In its statement sent to iTWire, (and presumably other media organisations), the ASD said, in part: "Proper and accurate attribution of a cyber incident takes time."
But the ABC apparently has better sources than the ASD because the taxpayer-funded broadcaster had already decided that China was behind the hack.
In its noon bulletin, hardly two hours after the news broke, ABC threw to its China correspondent, Bill Birtles, and asked him what China's reaction to the hack was.
Given that the hacked network is used by all parliamentarians, and an election is expected in May, anyone who breaks in could well be looking for dirt on some politicians in order to use it to advantage during the election campaign.
This is the most plausible explanation for a hack taking place at this time, and of this network.
And given that voting is compulsory in Australia — or at least showing up at a polling booth and getting one's name ticked off is a must if one wishes to avoid a fine — the extent to which any outside party can influence an election is much more limited than in the case of a country like the US where voting is left to individual whims.
This is not to say that China is ruled out as the country behind the hack – but it could also be any one of a dozen other countries, not to mention private operators who are acting on behalf of an Australian political party. It could be someone who just wants to show that the parliament network has poor security, despite promises of its being beefed up after some earlier intrusions.
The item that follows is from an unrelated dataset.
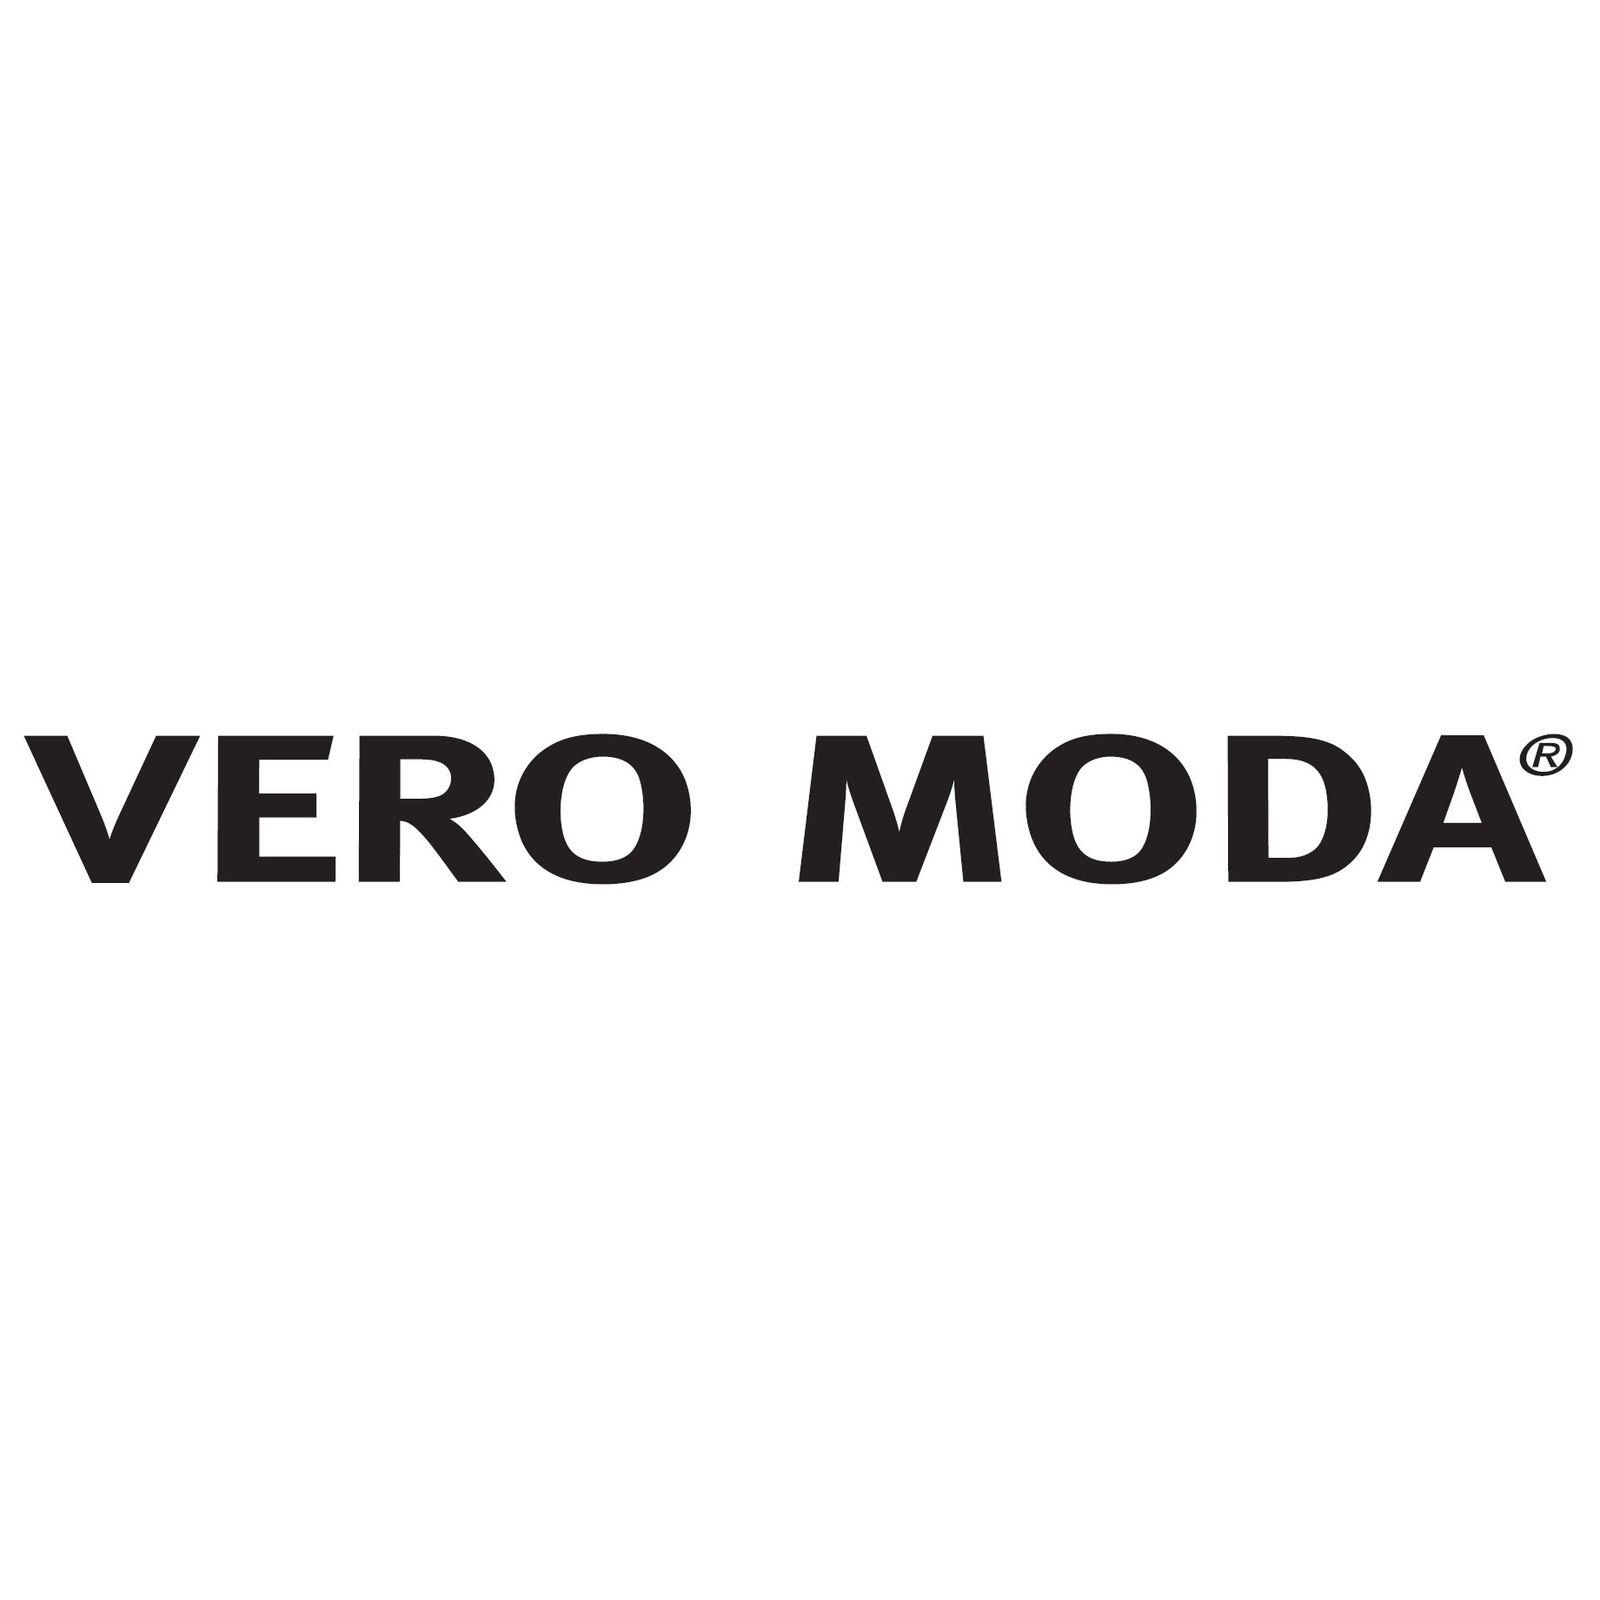 VERO MODA (Afbeelding 1)

But the overriding fact is that one cannot attribute a network attack to anyone or any nation so fast – and even attribution done after months of painstaking work is often based on evidence that is, at best, flimsy.
The ABC only had to ask somebody who has some experience in network security and does not have an agenda. Instead it spoke to Fergus Hanson, the head of the International Cyber Policy Centre at the Australia Strategic Policy Institute, a lobby group for big defence outfits, and he stayed in line with the prevailing ABC wisdom – or lack of it, thereof.
The head of ASPI, Peter Jennings, had earlier gone on record with The Australian, saying that the fact that all parliamentarians had been asked to reset their passwords was an indication that this was a serious breach.
“If it has led to everyone having to change their passwords on the system that suggests there has been a reasonably serious breach and therefore you would have to question how adequate was the protection to begin with,” Jennings was quoted as saying.
In reality, changing passwords after a breach is an indication that the investigators are fairly sure that there has been no deep intrusion made into the system; it is the first bit of network hygiene, as even a junior sysadmin would confirm.
The ABC claims it is the most trusted source for news in Australia. If it continues in this jingoistic vein, it may well have to revise that slogan a fair bit.